Respondent contends that there was no immediate delivery of the trucks, nor actual and continued change of possession, and that the retention of the property by the defendant rendered the alleged transfer to his brother fraudulent and void as against the attaching creditor. In support thereof, respondent quotes from certain testimony of the defendant on the trial of the case and from certain portions of the deposition of the third party claimant. Assuming that the court read the deposition or the salient portions thereof, and that the evidence presented caused it to reach the conclusion set forth in the judgment, we are nevertheless confronted with the fact that the third party claimant was not permitted to prove that the testimony of his brother was incorrect by cross-examination of the witness, by presenting evidence to the contrary or by an explanation of any testimony given in his own deposition. The third party claimant was precluded from presenting his side of the case. It was a possible deprivation of property without due process. Section 689, Code Civ. Proc., provides: "... the third party claimant ... shall be entitled to a hearing." In a summary proceeding a court is not required to observe all of the formalities of an ordinary trial, but this does not mean that a party thereto may be precluded from presenting any evidence. [46 Cal. App. 2d 434]

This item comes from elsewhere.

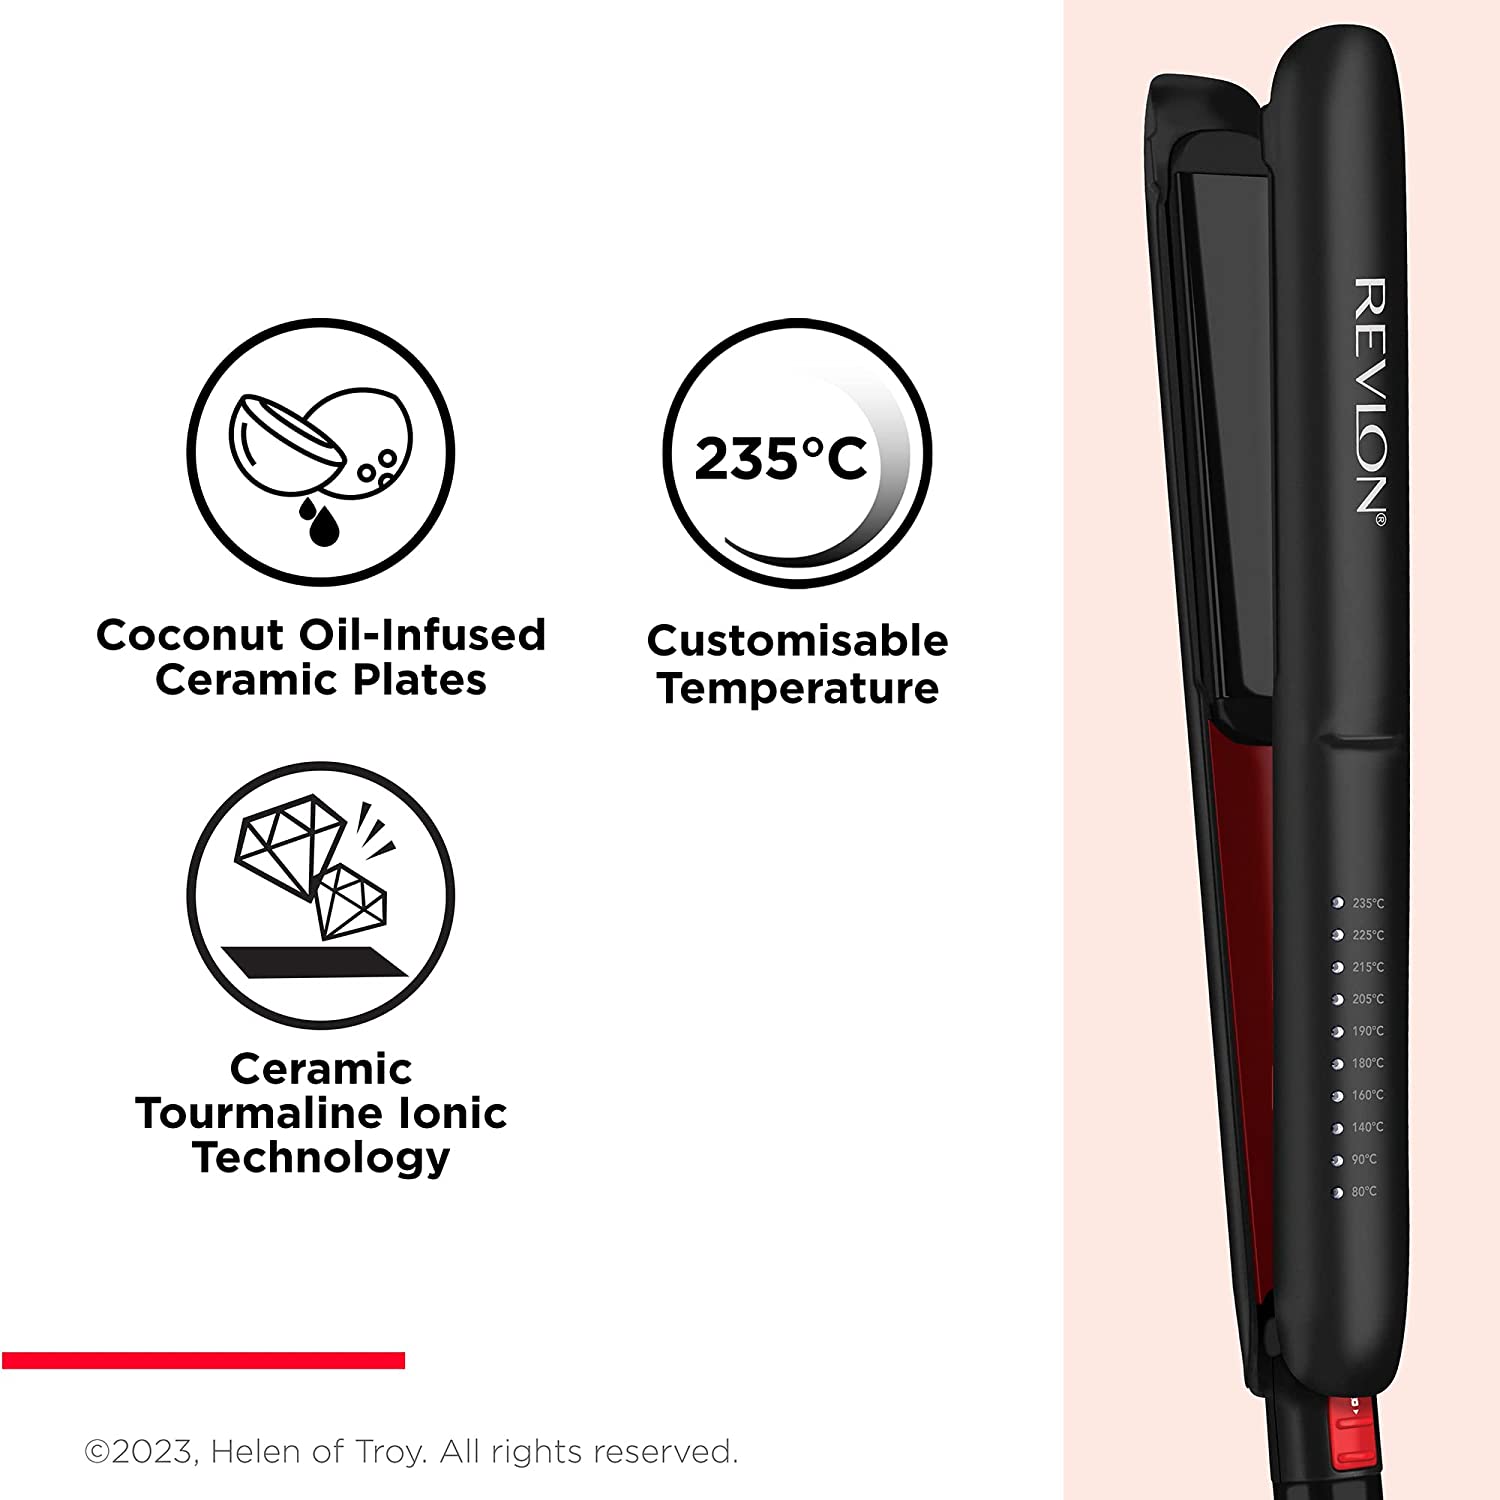 Revlon Smoothstay Coconut Oil-Infused Hair Straightener 25mm Plates Temperature up to 235°C,RVST2211P - Healthxpress.ie

Respondent suggests that the third party claimant did not disclose the nature of the evidence supporting his claim. An informal offer "that we should be permitted to put on our evidence" was made. We cannot hold that a formal offer of proof, by designation of the particular facts expected to be proved, was necessary after the court had stated: "The third party petition is denied." Respondent construes the statement of the attorney for the claimant--"I don't blame you a bit"--as an assent and acquiescence in the action of the court. On the contrary, the attorney made it plain that he desired to present evidence. The remark was merely indicative of the attorney's agreement with the views of the court that the evidence presented by the defendant, whose testimony was in part adverse to that of the third party claimant, was nauseating and should be referred to the grand jury.

The court in its judgment determined that the consideration for the transfer was inadequate; that there was not an actual and continued change of possession, and that the transfer was ineffectual because of non-compliance with section 186 of the Vehicle Code. On the last point the evidence as to what actually occurred in the way of registration following the transfer of April, 1940, from the conditional vendor to the third party claimant, is incomplete. It is possible that these matters might have been cleared up in favor of one of the interested parties had further evidence been presented.

[2] Section 4 1/2 of art. VI of the Constitution was not intended to abrogate constitutional guaranties.

The judgment is reversed.

Peters, P. J., and Knight, J., concurred.